Jörg Beckmann est l’un des concepteurs du projet carvelo2go lancé en 2015 avec 15 vélos-cargos électriques. Aujourd’hui, quatre ans plus tard, plus de 300 de ces véhicules sont désormais disponibles à la location à travers toute la Suisse. Pour le directeur de l’Académie de la mobilité SA, ce succès s’explique par le fait que carvelo2go s’inscrit dans l’air du temps.

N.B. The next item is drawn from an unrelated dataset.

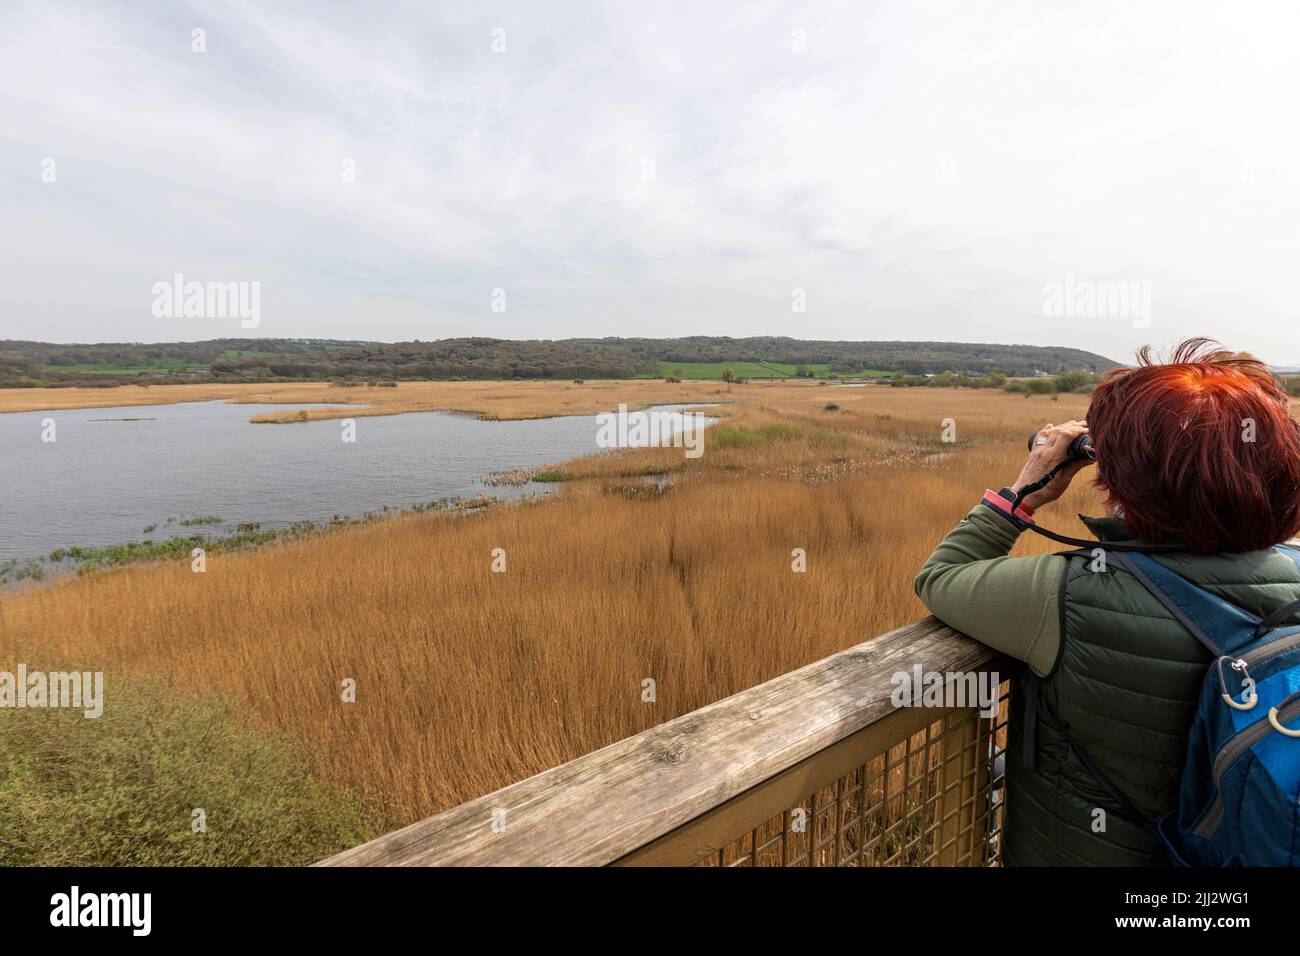 Woman in elevated viewing platform known as the 'Skytower'. Leighton Moss RSPB reserve, Lancashire, England, United Kingdom Stock Photo

M. Beckmann, qu’est-ce que le vélo-cargo signifie pour vous?
Du plaisir à l’état pur et une plus grande mobilité au quotidien. Depuis que nous avons des enfants, nous apprécions beaucoup. Mais quand nous habitions à Nyon, notre vélo-cargo n’était pas électrique, et avec deux enfants et les commissions à l’avant, remonter à la maison s’apparentait souvent plus à gravir du col du Galibier…

«Les villes européennes redonnent plus d’espace à la mobilité active.»

Comment avez-vous su à l'époque que le vélo-cargo aurait un avenir?
Selon moi, il y a trois grandes tendances de mobilité, qui commencent toutes les trois par la lettre D: la décarbonisation des véhicules, soit le développement de la mobilité électrique, la déprivatisation, qui signifie que nous partageons plus que nous possédons, et la démotorisation du trafic urbain. Les villes européennes redonnent plus d’espace à la mobilité active. Les voitures disparaissent des centres-villes, laissant plus de place aux piétons et aux cyclistes. Les zones de rencontre gagnent en importance.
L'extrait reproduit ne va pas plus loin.